What is a Vector Valued Function?

Also called vector functions, vector valued functions allow you to express the position of a point in multiple dimensions within a single function. These can be expressed in an infinite number of dimensions, but are most often expressed in two or three. The input into a vector valued function can be a vector or a scalar. In this atom we are going to introduce the properties and uses of the vector valued functions.

Properties of Vector Valued Functions

A vector valued function allows you to represent the position of a particle in one or more dimensions. A three-dimensional vector valued function requires three functions, one for each dimension. In Cartesian form with standard unit vectors (i,j,k), a vector valued function can be represented in either of the following ways:

$\mathbf{r}(t) = f(t)\mathbf{i} + g(t)\mathbf{j} + h(t)\mathbf{k}\\ \mathbf{r}(t) = \langle f(t) , g(t) , h(t) \rangle$

where $t$ is being used as the variable. This is a three dimensional vector valued function. The graph shows a visual representation of

$\mathbf{r}(t) = \langle 2 \cos(t) , 4 \sin(t) , t \rangle$.

Vector-Valued Function

This a graph of a parametric curve (a simple vector-valued function with a single parameter of dimension $1$). The graph is of the curve: $\langle 2 \cos(t), 4 \sin(t),t \rangle$ where $t$ goes from $0$ to $8 \pi$.
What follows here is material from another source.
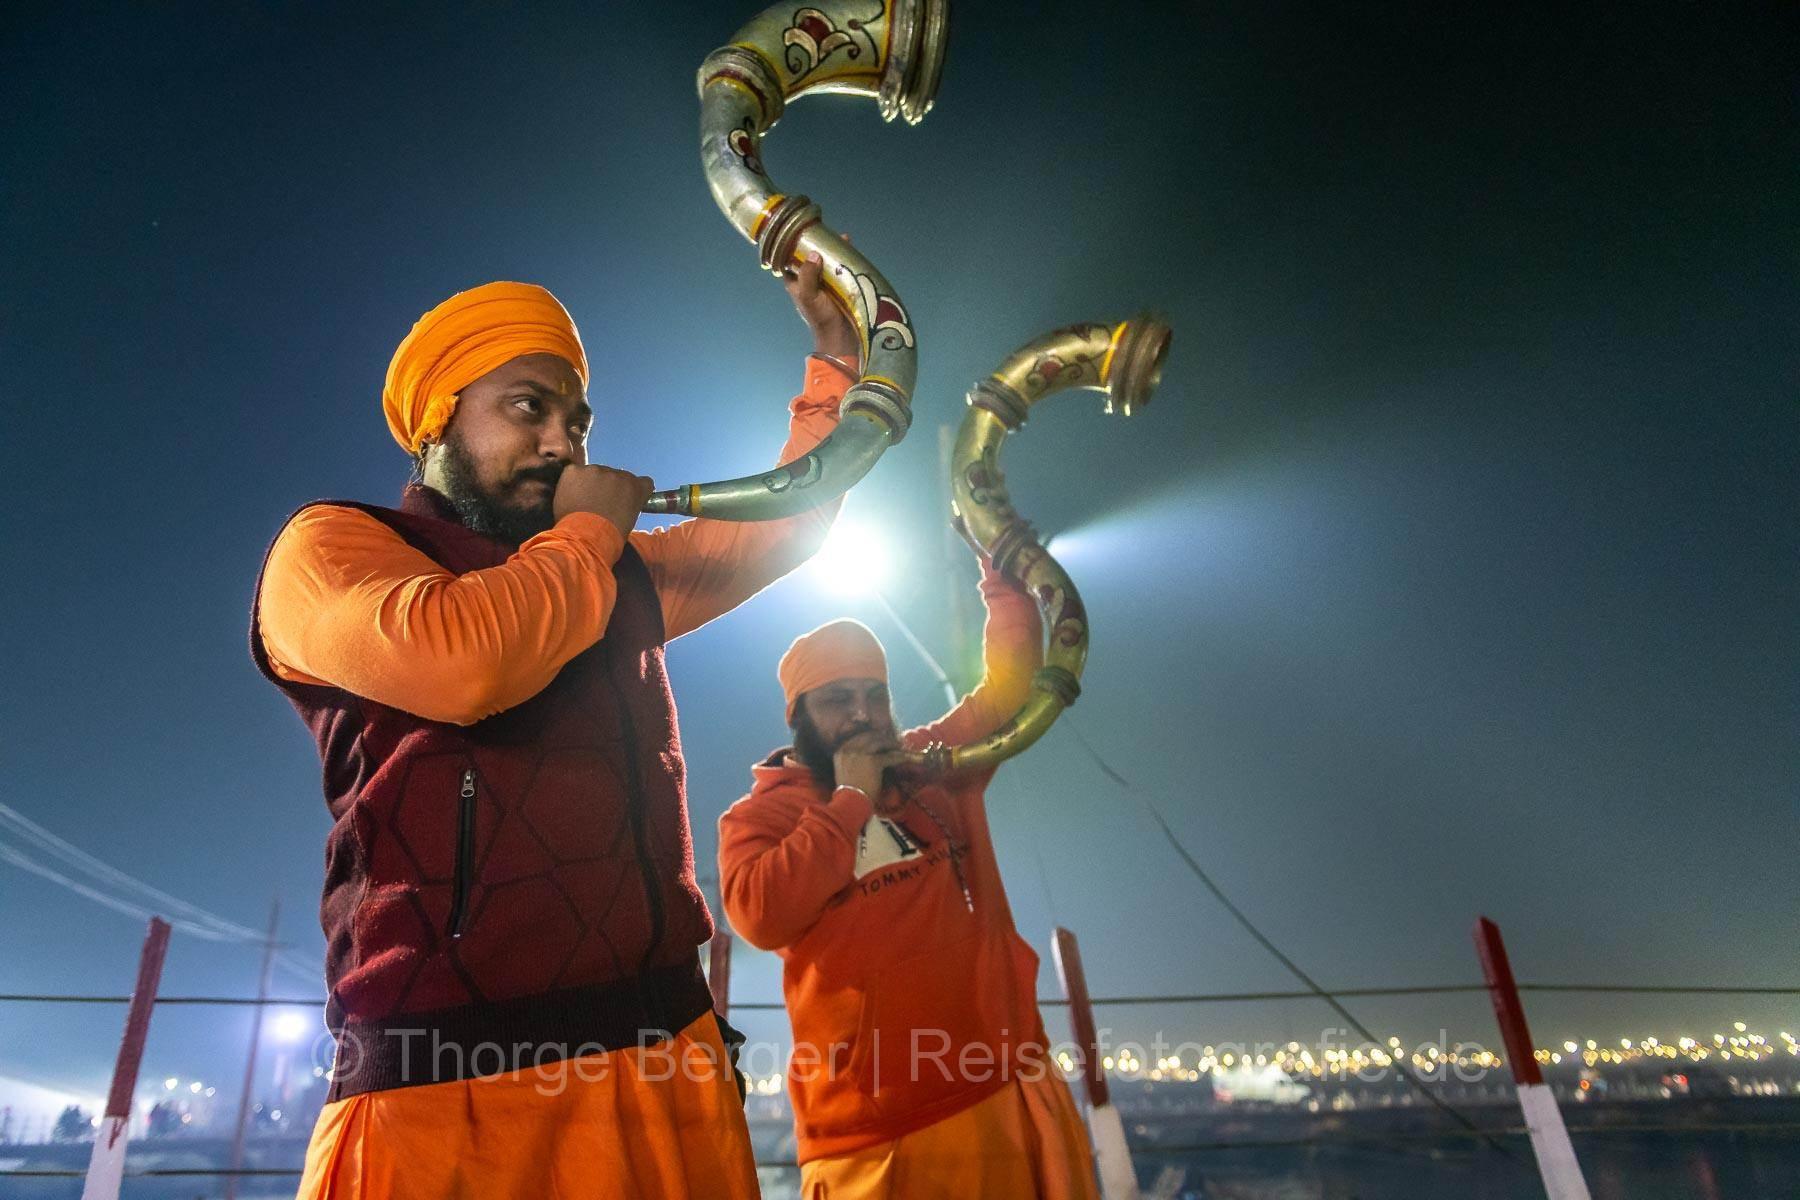 Trompeter auf der Ardth Kumbh Mela in Praygraj 2019
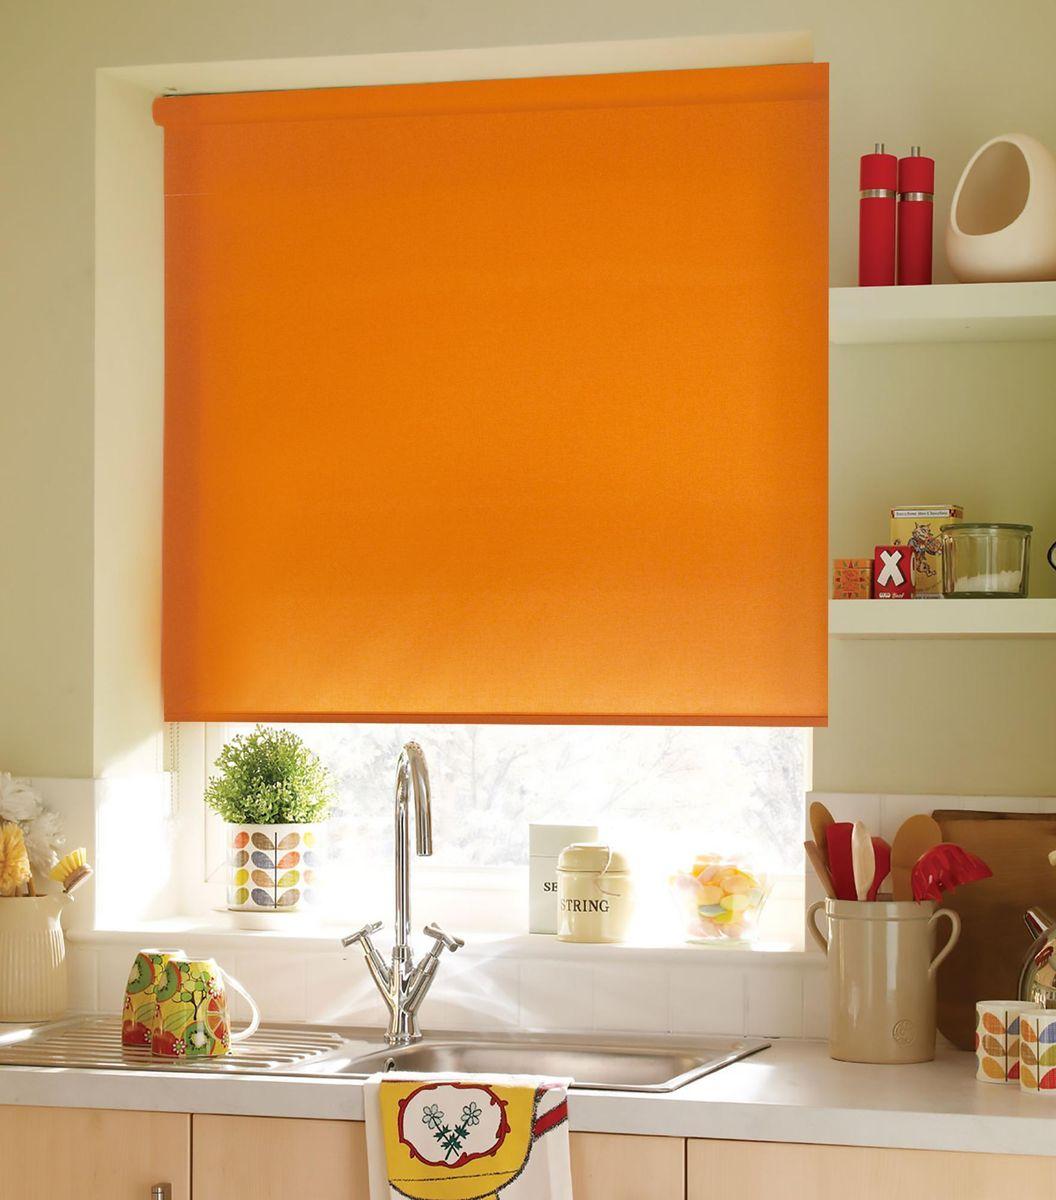 Штора рулонная Эскар, цвет: апельсиновый, ширина 130 см, высота 170 см81203130170Рулонными шторами можно оформлять окна как самостоятельно, так и использовать в комбинации с портьерами. Это поможет предотвратить выгорание дорогой ткани на солнце и соединит функционал рулонных с красотой навесных. Преимущества применения рулонных штор для пластиковых окон: - имеют прекрасный внешний вид: многообразие и фактурность материала изделия отлично смотрятся в любом интерьере; - многофункциональны: есть возможность подобрать шторы способные эффективно защитить комнату от солнца, при этом о на не будет слишком темной. - Есть возможность осуществить быстрый монтаж. ВНИМАНИЕ! Размеры ширины изделия указаны по ширине ткани! Во время эксплуатации не рекомендуется полностью разматывать рулон, чтобы не оторвать ткань от намоточного вала. В случае загрязнения поверхности ткани, чистку шторы проводят одним из способов, в зависимости от типа загрязнения: легкое поверхностное загрязнение можно удалить при помощи...

This can be broken down into three separate functions called component functions:

$x(t) = 2 \cos(t)y(t) = 4 \sin(t)z(t) = t$.

If you were to take a cross section, with the cut perpendicular to any of the three axes, you would see the graph of that function. For example, if you were to slice the three-dimensional shape perpendicular to the $z$-axis, the graph you would see would be of the function $z(t)=t$.The domain of a vector valued function is a domain that satisfies all of the component functions. It can be found by taking the intersection of the individual component function domains. The vector valued functions can be manipulated in the same way as a vector; they can be added, subtracted, and the dot product and the cross product can be found.

Example

For this example, we will use time as our parameter. The following vector valued function represents time, $t$: 

$\mathbf{r}(t) = f(t)\mathbf{i} + g(t)\mathbf{j} + h(t)\mathbf{k}$

This function is representing a position. Therefore, if we take the derivative of this function, we will get the velocity:

$\displaystyle{\frac{d\mathbf{r}(t)}{dt}= f(t)\mathbf{i}' + g(t)\mathbf{j}' + h(t)\mathbf{k}' \\ \,\qquad = \mathbf{v}(t)\\ }$ 

If we differentiate a second time, we will be left with acceleration:

$\displaystyle{\frac{d\mathbf{v}(t)}{dt}= \mathbf{a}(t)}$